(May 19, 2023)

Executive Summary

Fentanyl is a potent opioid pain medication that is extensively used in the ED to manage severe acute pain and as premedication to intubation preparation. It is primarily administered intravenously (IV)(3).

• In the ED is usually preferred over other opioids (eg. morphine) due to its higher potency,  faster onset of action, and shorter duration of action. This makes it useful to precisely titrate dosing in the acute setting. Additionally, it has a safer hemodynamic profile than morphine, causing less hypotension or cardiac instability (1, 10).

• Other frequent indications include fentanyl as the analgesic component for analgosedation during painful procedures and mechanical ventilation. 

• ⚠ Cautions summary: 

  • High risk of respiratory depression (black box warning) and other adverse effects (6, 21); it should be used with caution, monitoring closely for respiratory depression, hypotension, sedation and other adverse effects. Providers should also be aware that alterations in respiratory rate and ventilation may last longer than the analgesic effects (8).

  • High risk of addiction and overdose (black box warning; 21): Its use should be limited to the management of short-term acute pain and critical care support (5).
    
    

Adult dose for moderate to severe pain: (7, 21)

1 mcg/kg/dose (usually 50-100 mcg) IV. 

• Repeat in 1 to 2 hours as needed (label recommendation).

• Consider repeat doses in 5-10 min in cases of excruciating pain (emergency medicine practice).

• IV TTPE*: 5 min.

• Duration of analgesia: 30-60 min.
  
  

*TTPE: time to peak effect.

• Adult dose for moderate to severe pain: (7, 21)

• Intravenous:
  1 mcg/kg/dose (usually 50-100 mcg) IV.

• Repeat in 1 to 2 hours, as needed (label recommendation).

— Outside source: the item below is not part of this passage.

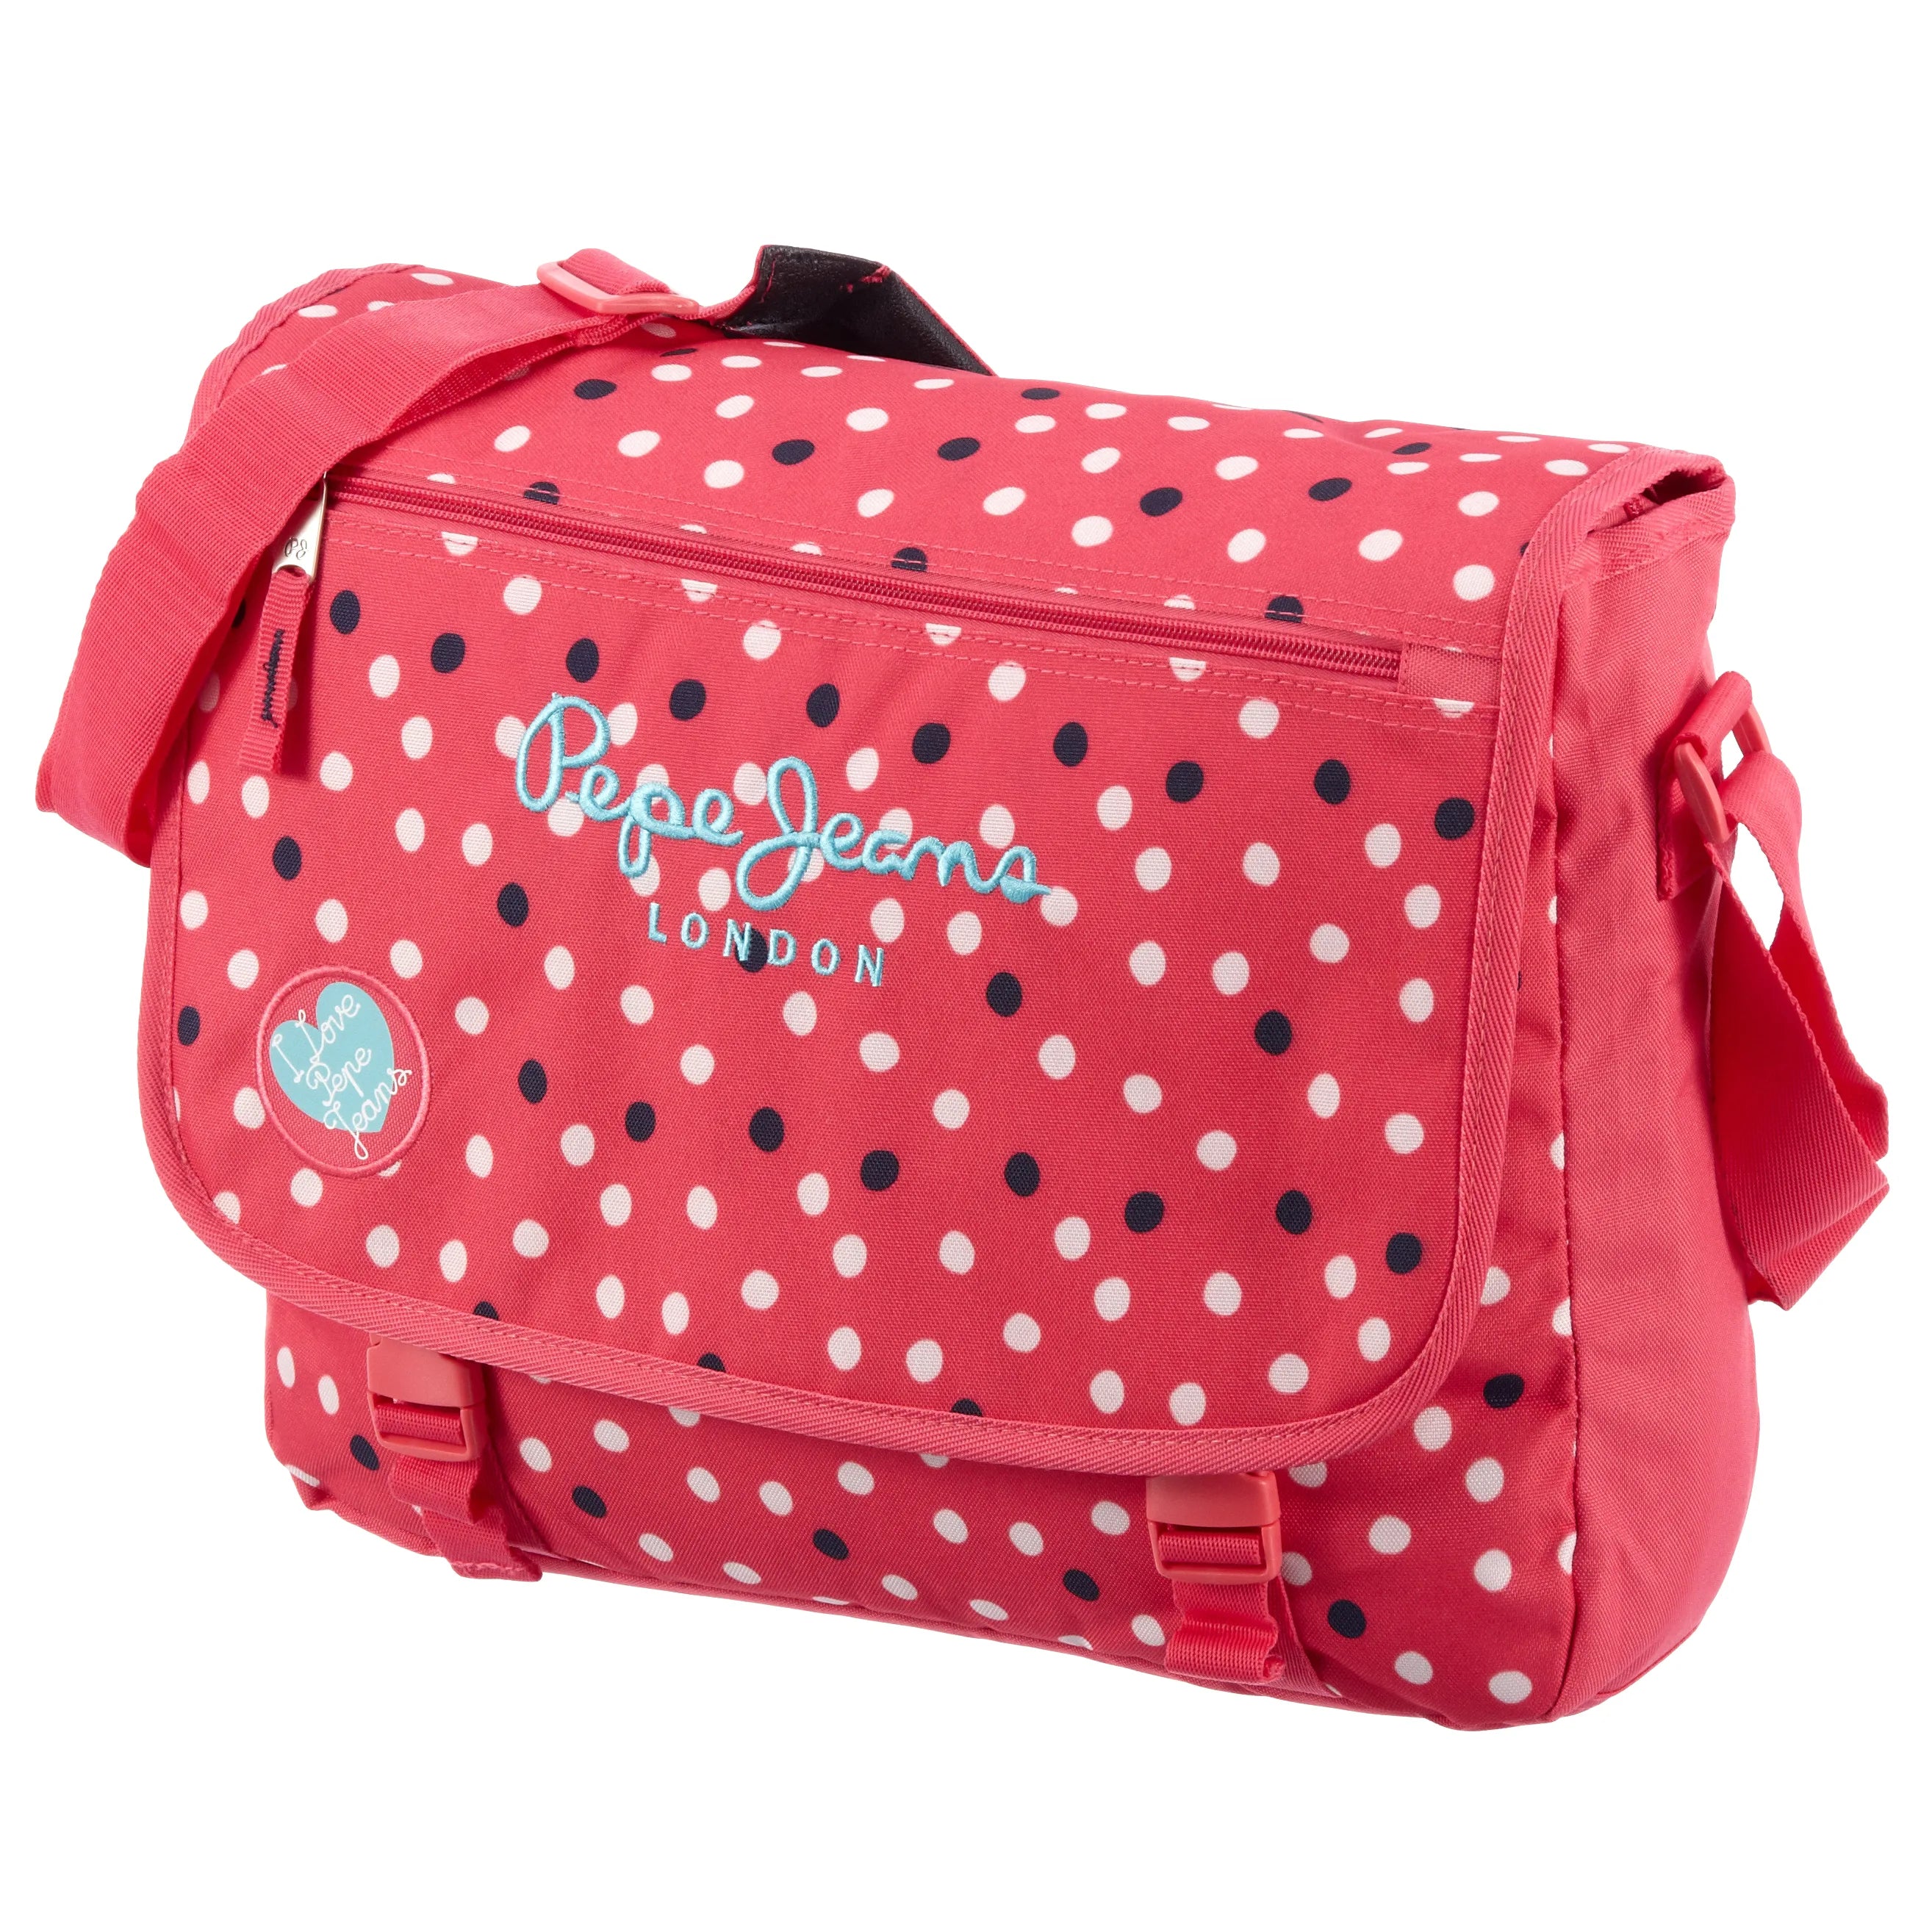 Pepe Jeans Valentina messenger bag with laptop compartment 38 cm - pink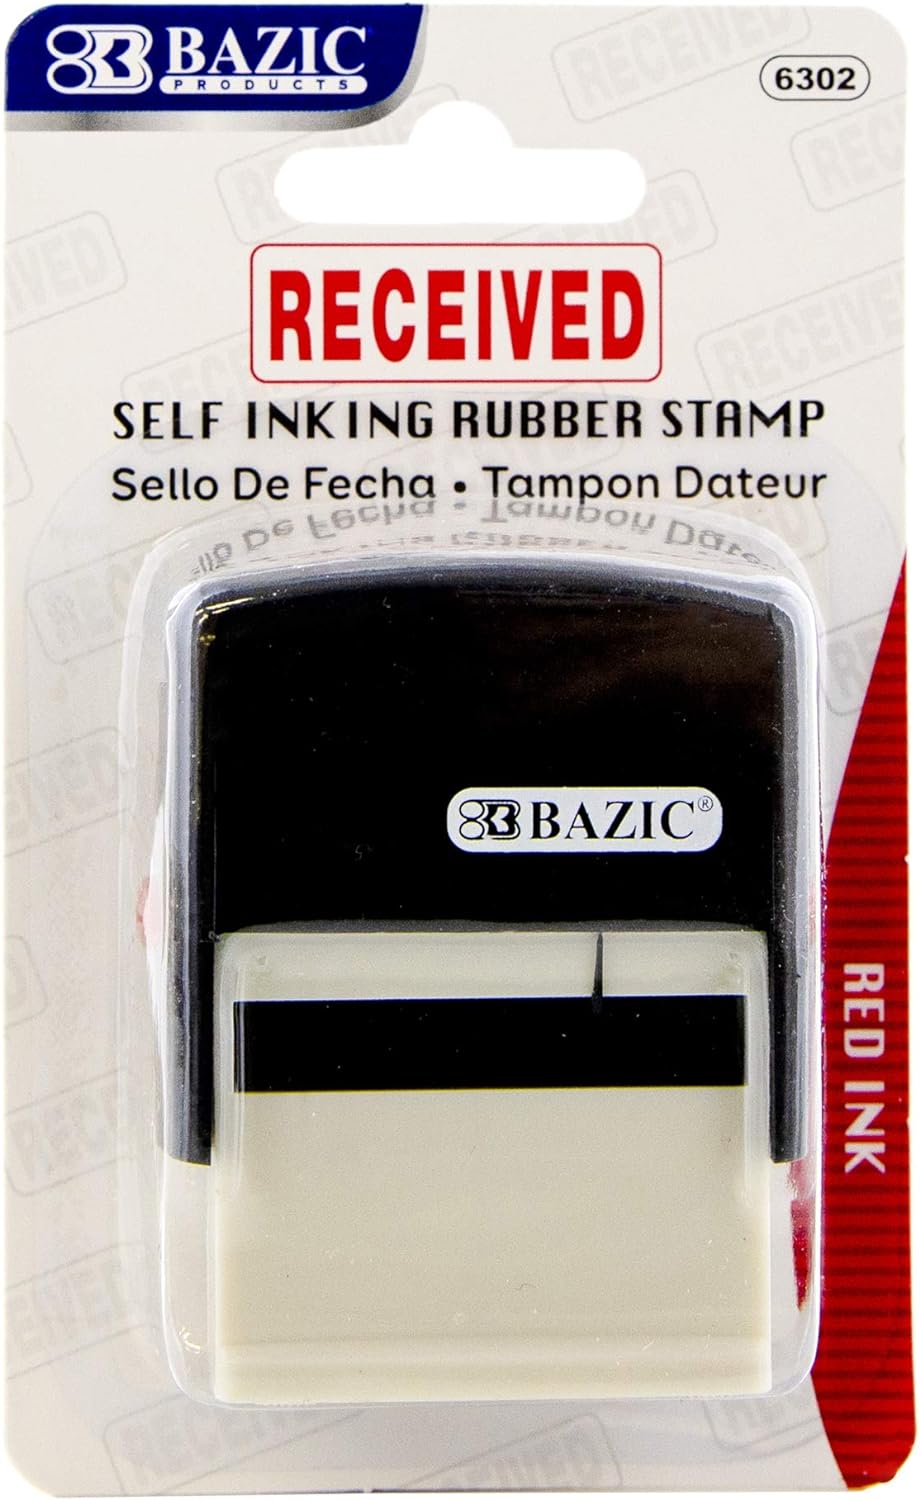 BAZIC Received Self Inking Rubber Stamp (Red Ink), Stamp Impression Size 1.41" x 0.47"

• Consider repeat doses in 5-10 min in cases of excruciating pain (emergency medicine practice).

• A frequent approach is to start with a fixed dose of 50ug and to consider repeating the same dose after 10-15 min if the patient persists under severe pain. 

• IV TTPE: 5 min.
  
  

• Intranasal:
  1-2 mcg/kg/dose.

• Repeat in 1 to 2 hours, as needed.

• Similar analgesic efficacy compared to IV morphine (4).

• Useful in pediatrics or patients with challenging IV access.
  
  

• Nebulized:
  1.5-4 mcg/kg/dose.

• The recommended dose range across studies varies from 25 ug to 300 ug, with a weight-adjusted dose of 1.5 to 4ug/kg per dose.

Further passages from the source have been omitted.